**The data:**
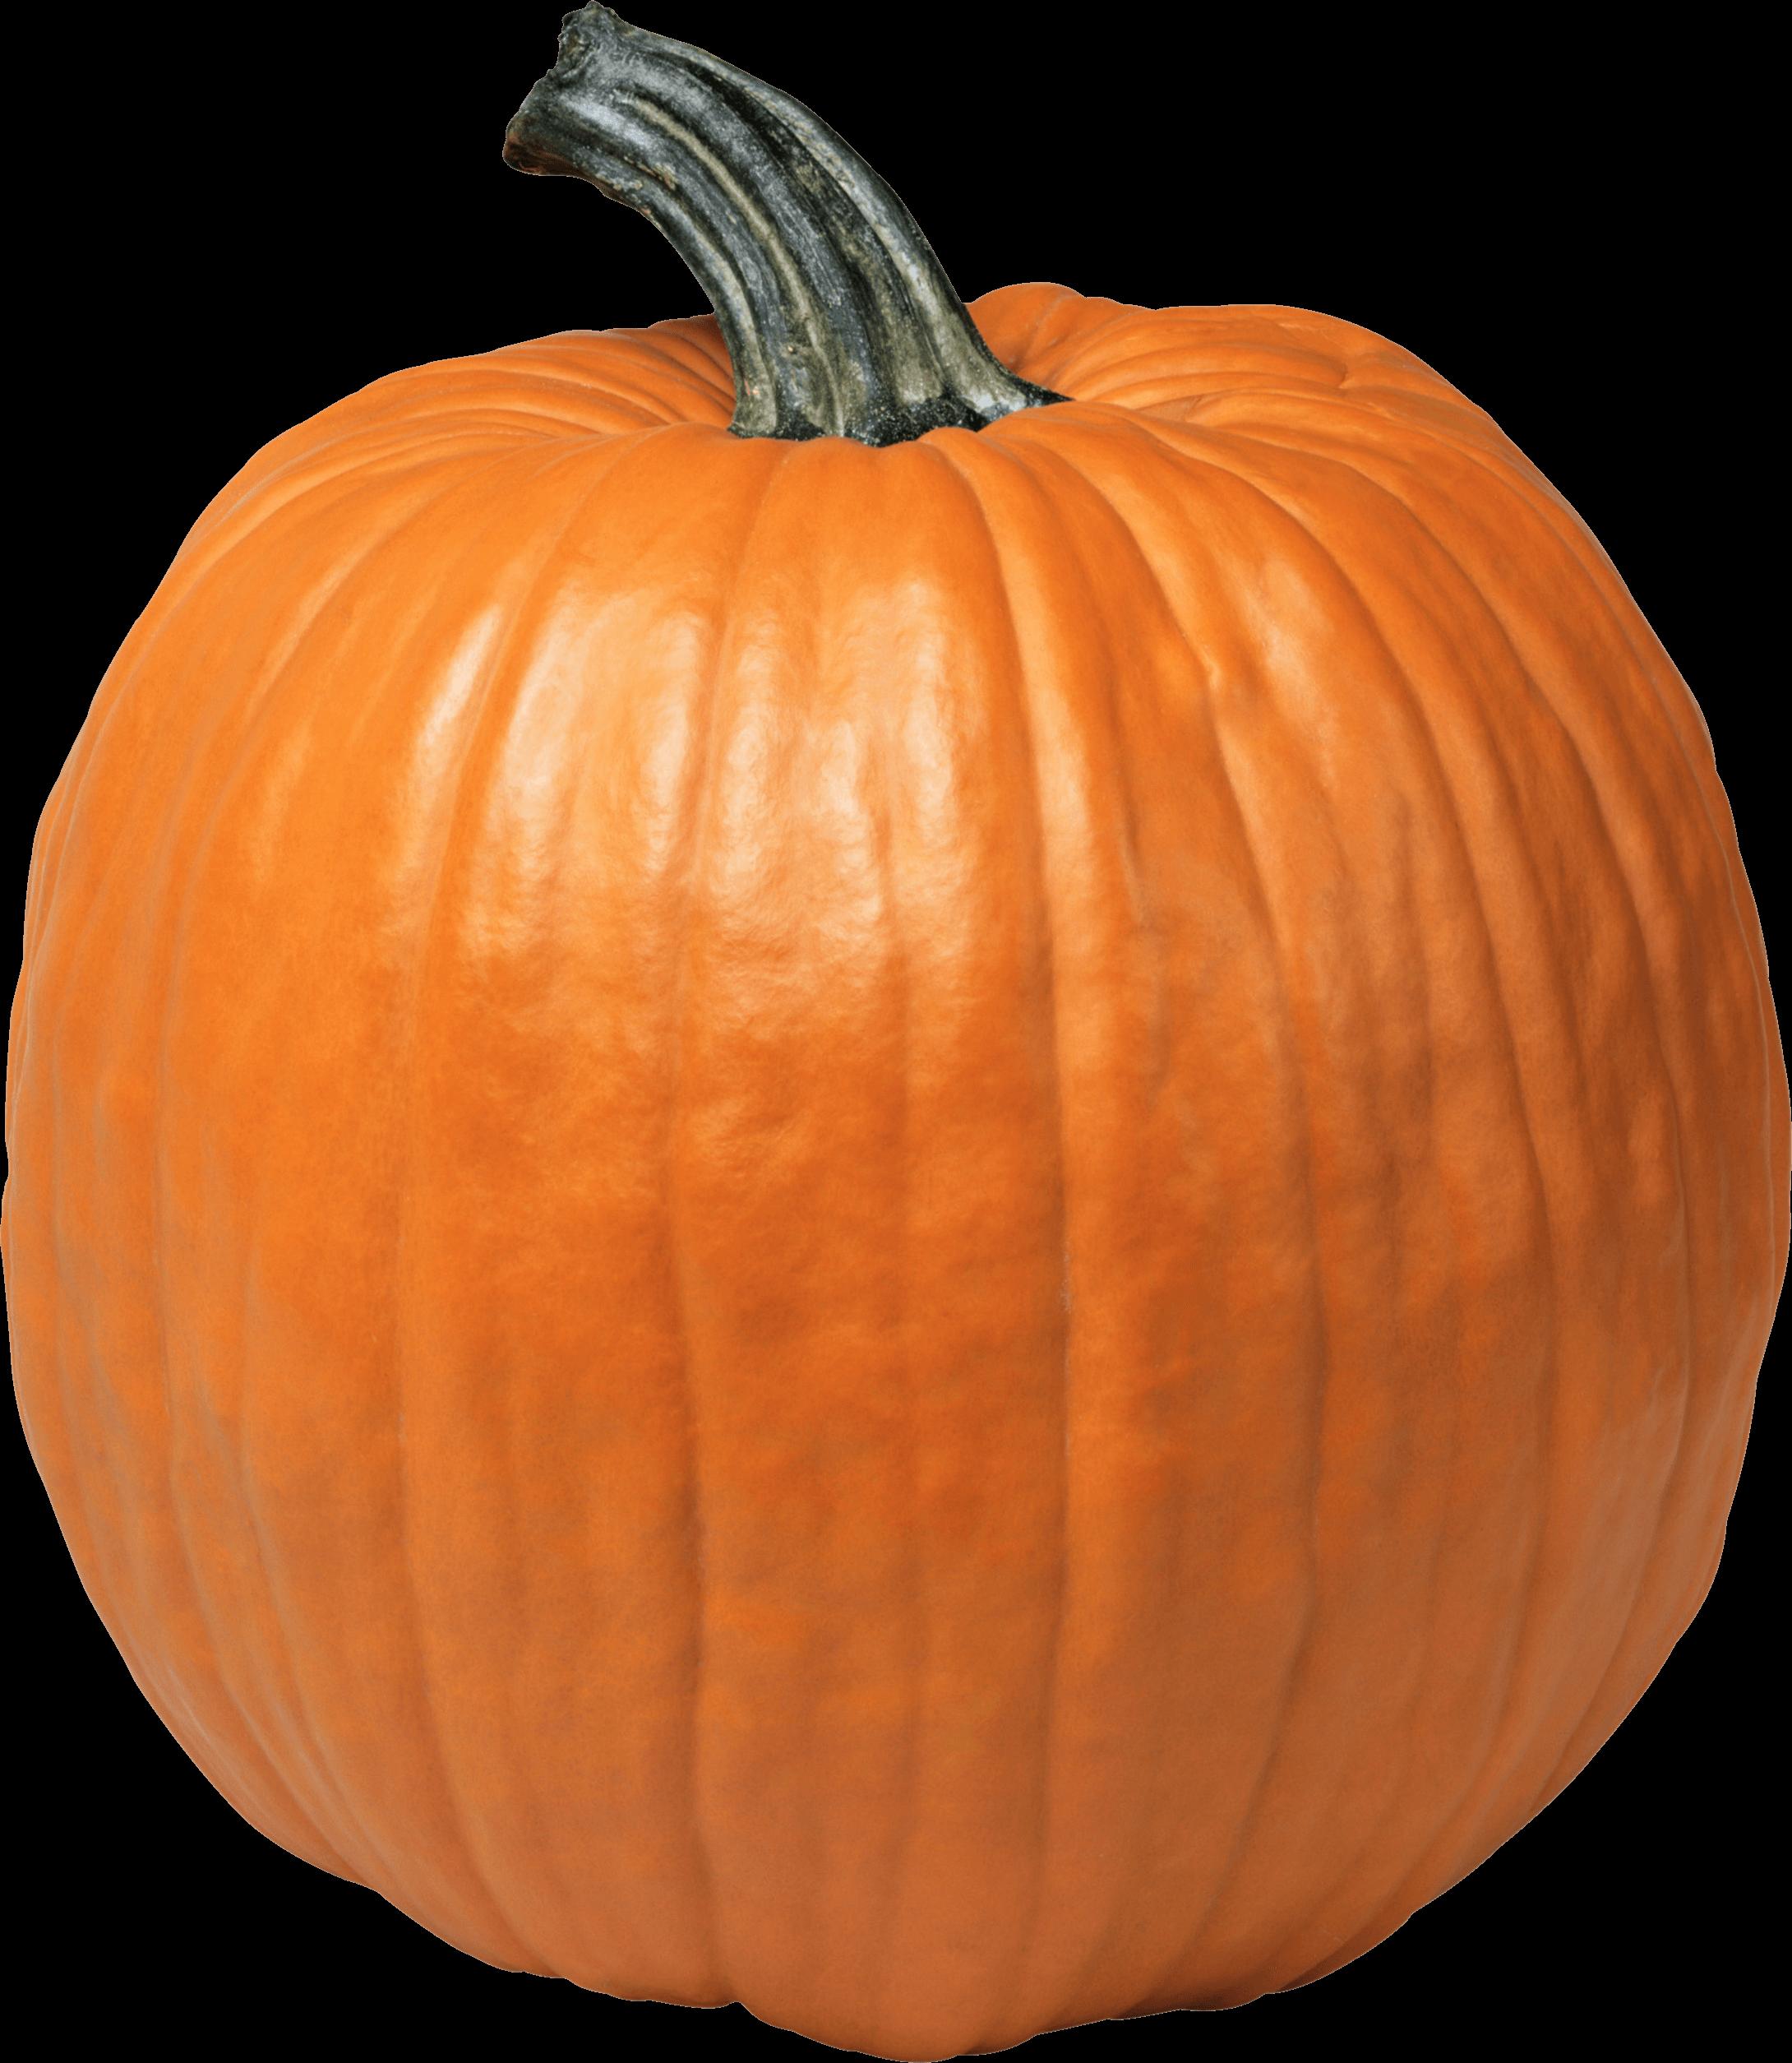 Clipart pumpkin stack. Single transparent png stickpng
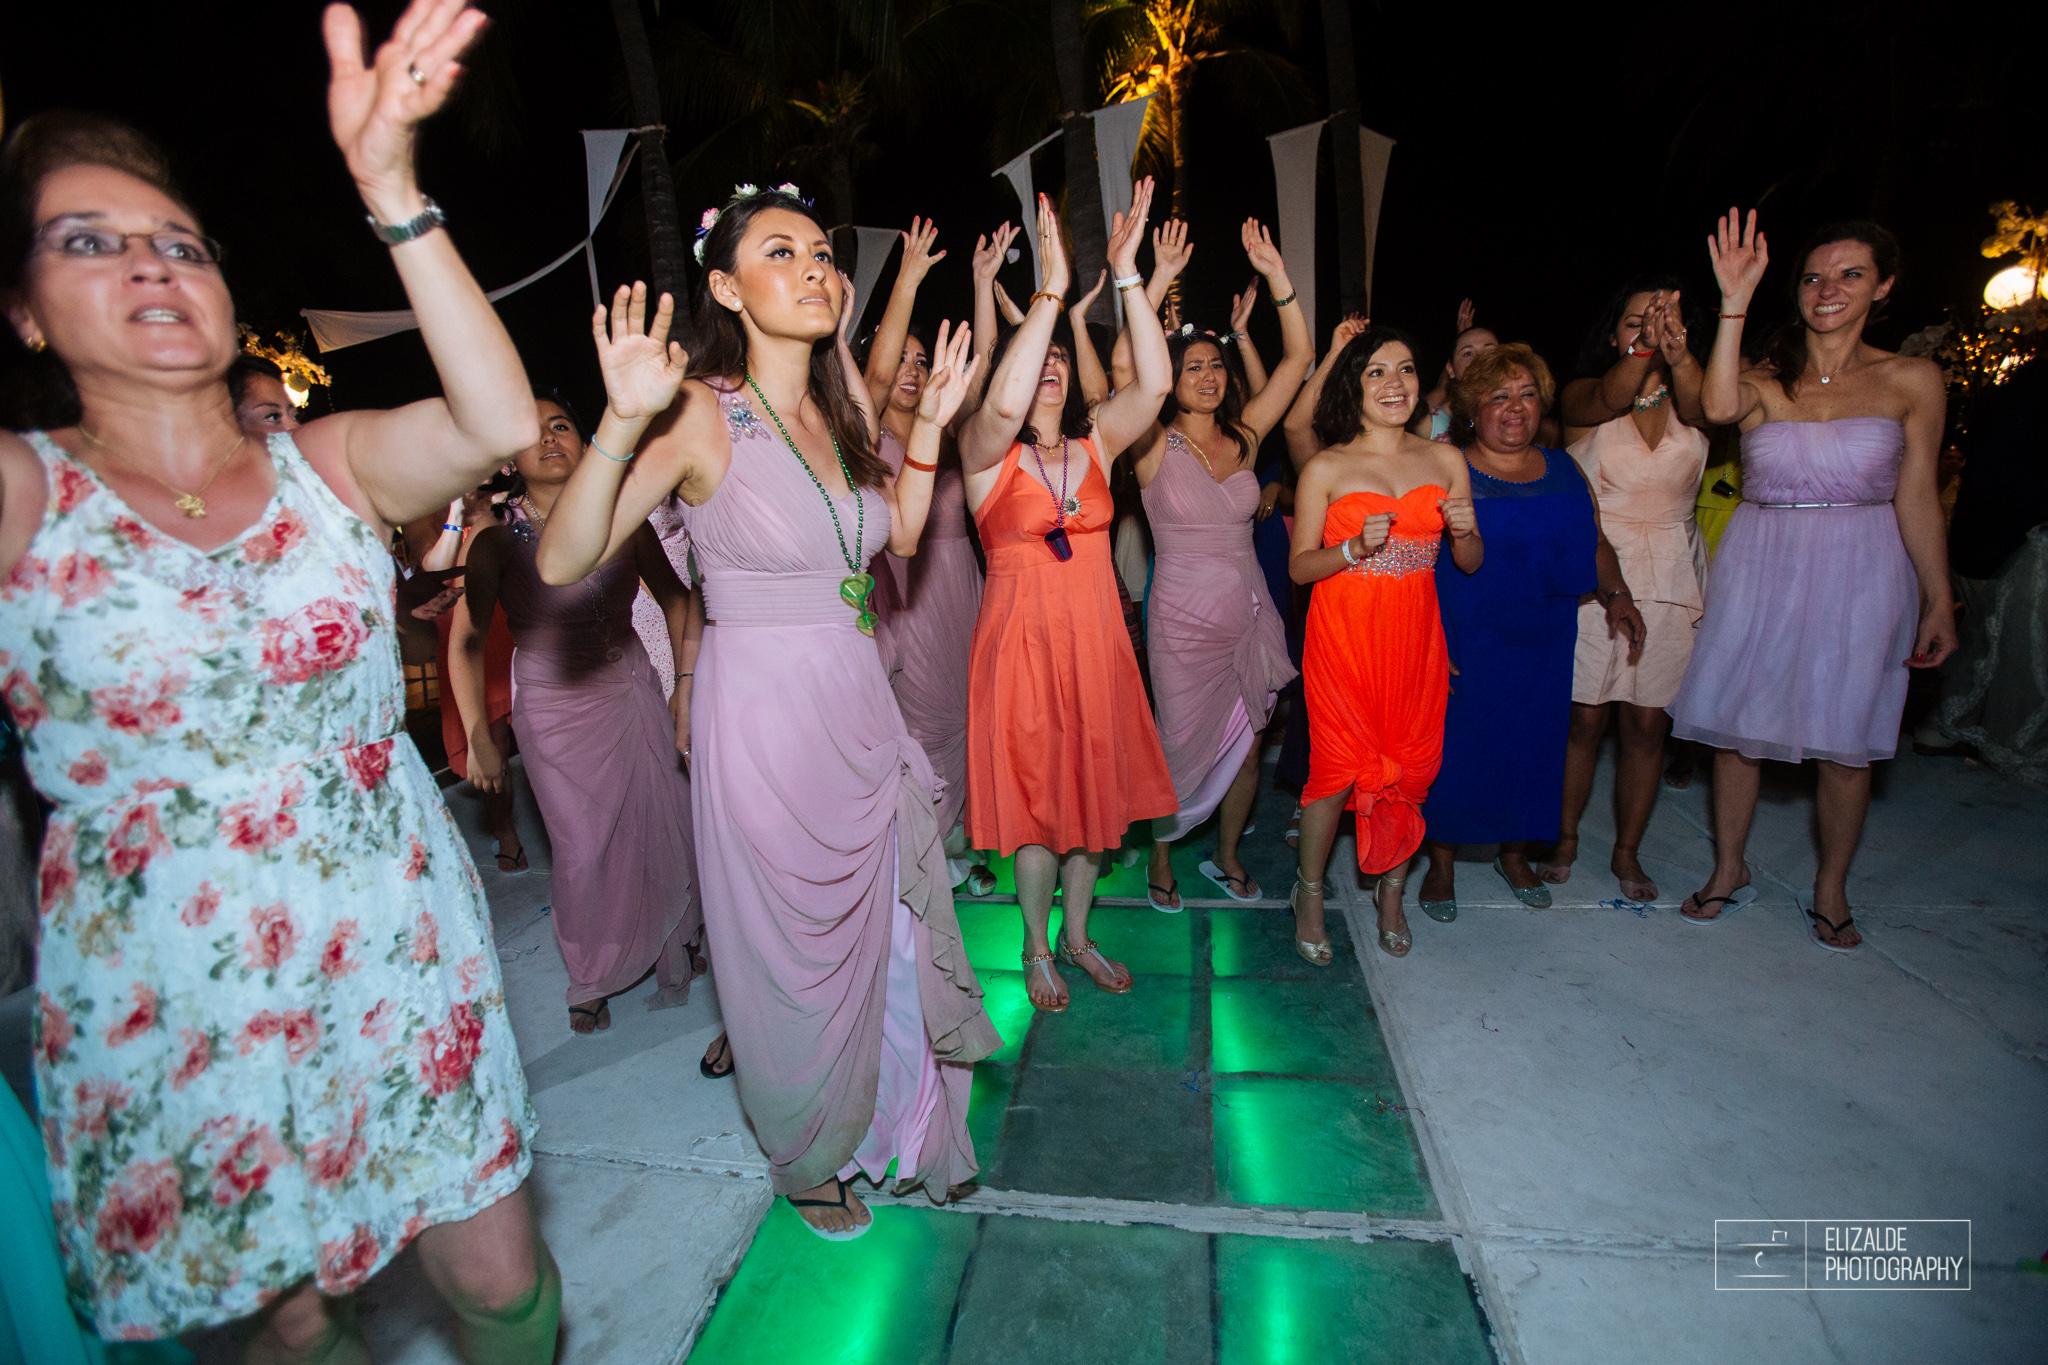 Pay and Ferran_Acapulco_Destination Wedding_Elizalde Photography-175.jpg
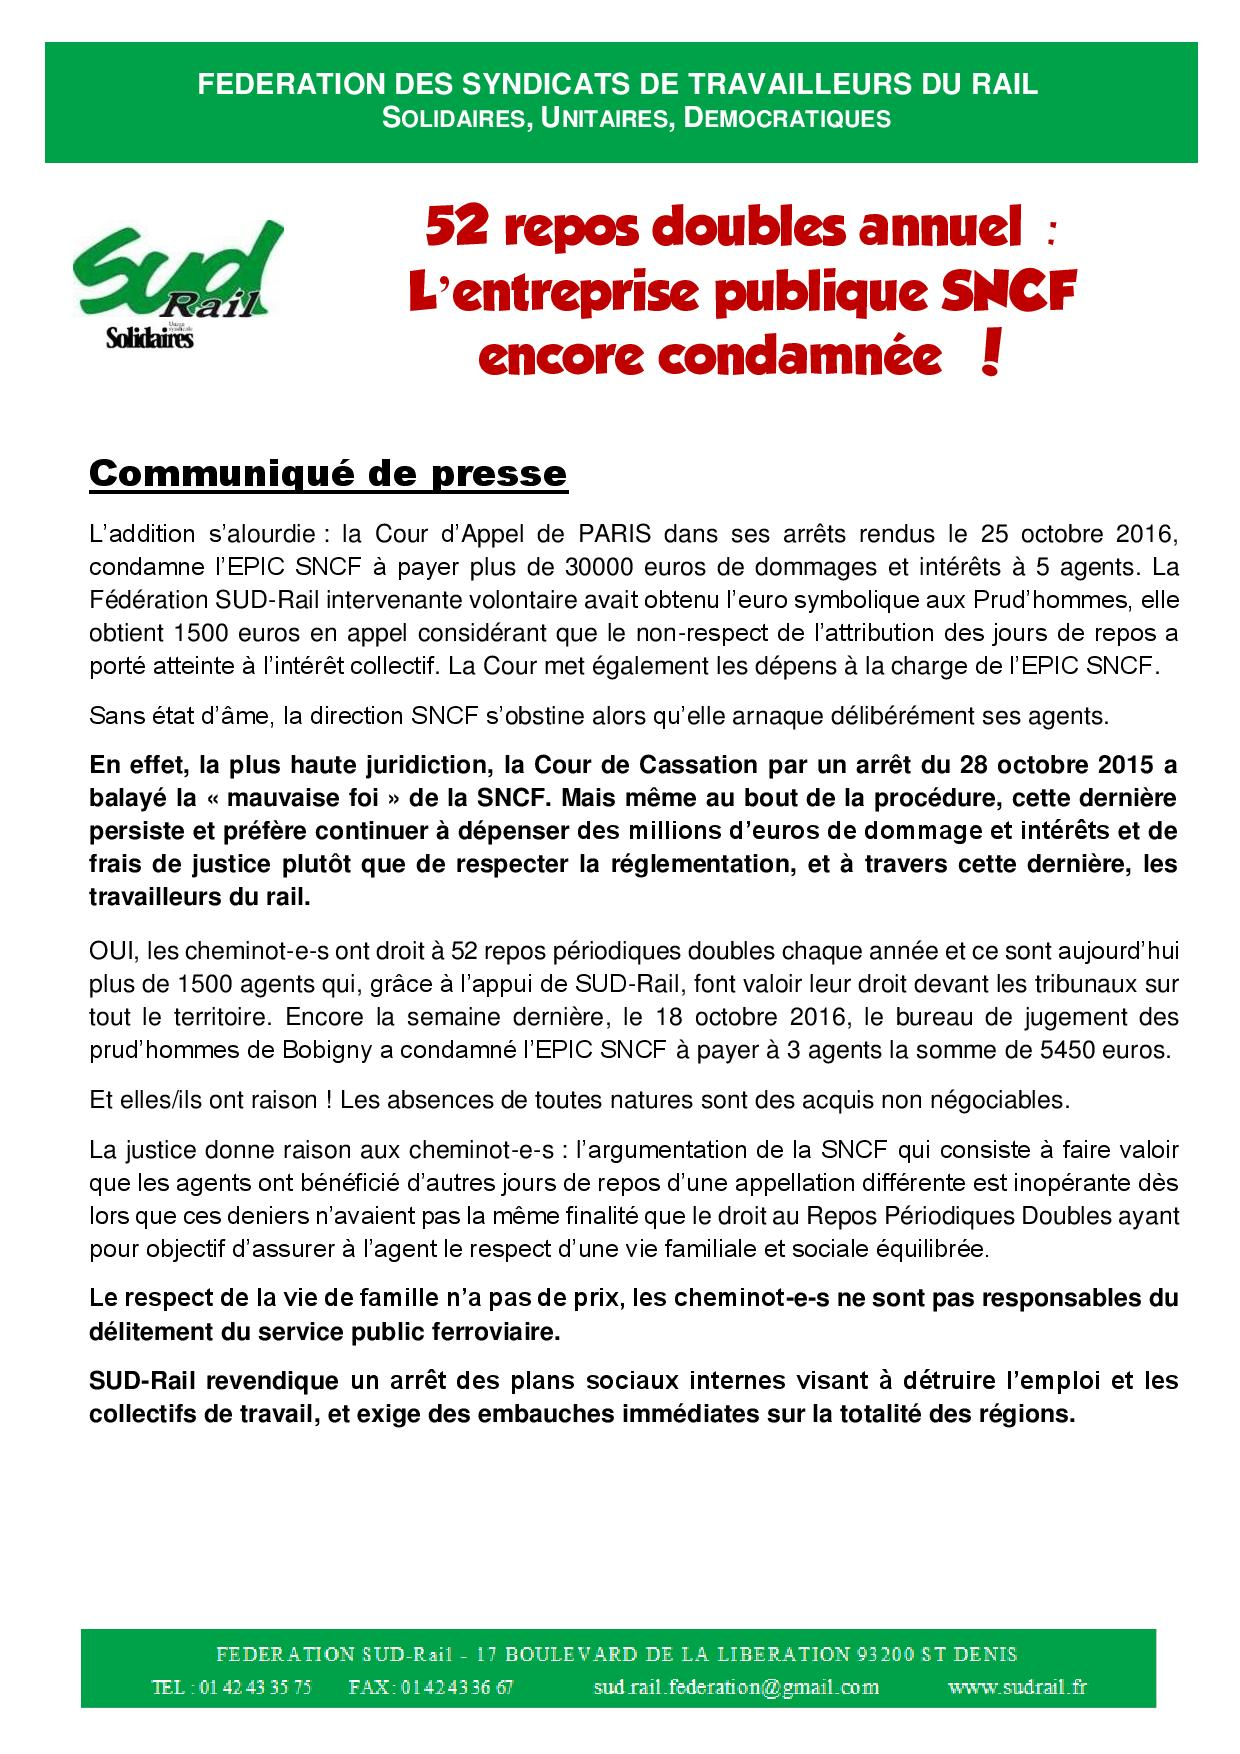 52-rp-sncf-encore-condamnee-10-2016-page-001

**Task requirements:**
Each line of the data above is to be output exactly; the pictures are not to appear.

**Written answer:**
 Clipart pumpkin stack. Single transparent png stickpng
 Pay and Ferran_Acapulco_Destination Wedding_Elizalde Photography-175.jpg
 52-rp-sncf-encore-condamnee-10-2016-page-001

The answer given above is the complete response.